The Oldest Stone Bead Industry
Surprisingly, there were almost no stone beads during the Stone Ages. People couldn't work hard stones and had to use softer materials. It wasn't until about 5000 B.C. that hard stones such as agates were first made into beads. That breakthrough took place in what is now Pakistan, until 1947 part of India.
By 2500 B.C. this region was populated by highly sophisticated people whom we call the Harappan or Indus Valley Civilization. They were exporting these gem minerals beads to Mesopotamia, the Levant and Egypt. The ancient center of agate beadmaking is close to the modern center, Cambay in Gujarat state. Over the years, the beadmaking centers have changed, but the source for agates and carnelians has apparently always been in the old riverbeds of the lower Narmada River.
Not only has the source of the stones remained the same, but the way in which they were turned into beads has changed very little over 4000 years. In this century, electricity has been added to a few steps (grinding and polishing). The last important technological change before that was the introduction of the double-tipped diamond drill (even today powered by a hand-driven bow drill), a discovery made over 2000 years ago.

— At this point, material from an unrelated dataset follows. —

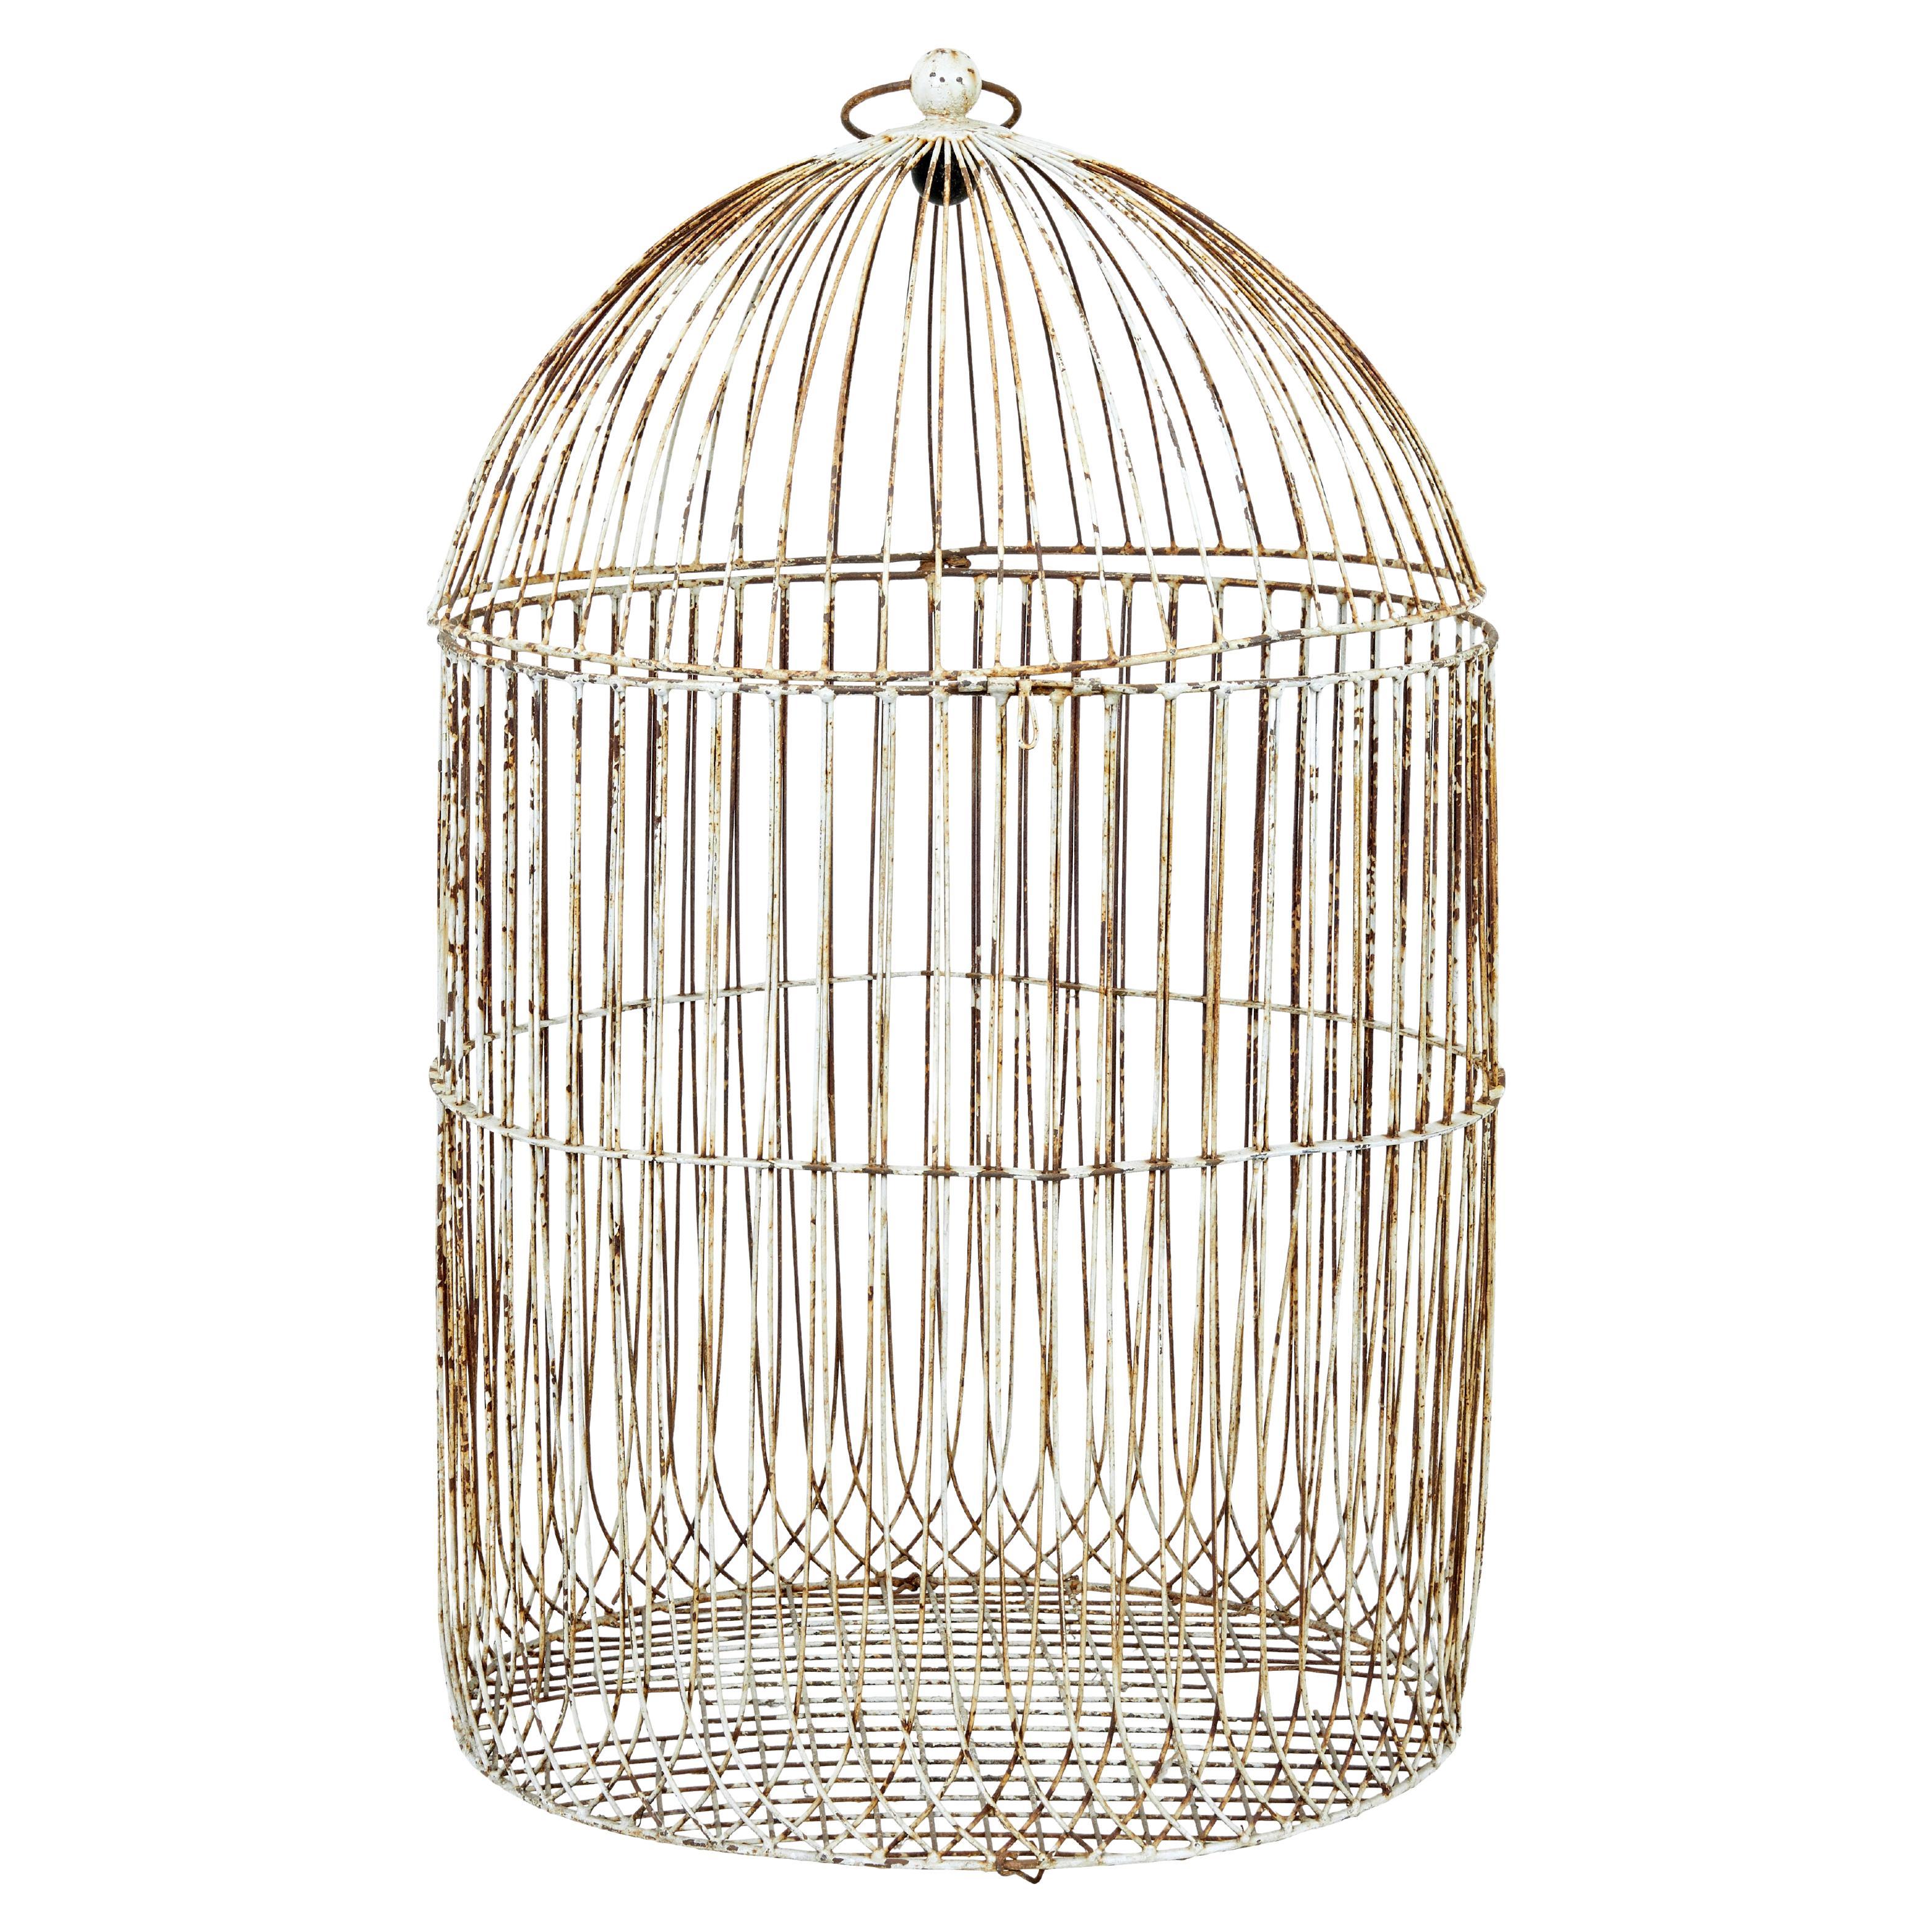 19th Century large wire frame decorative bird cage

Double-tipped diamond drills 2000 years ago? It reminds us that India was once the major supplier of diamonds to the world and that diamonds were used industrially before they were used in jewelry. Even today, India cuts more diamonds by carat than any other country in the world. Though the diamonds are mostly imports, the cutting is going on in the same region where stone beads have been produced for 4500 years.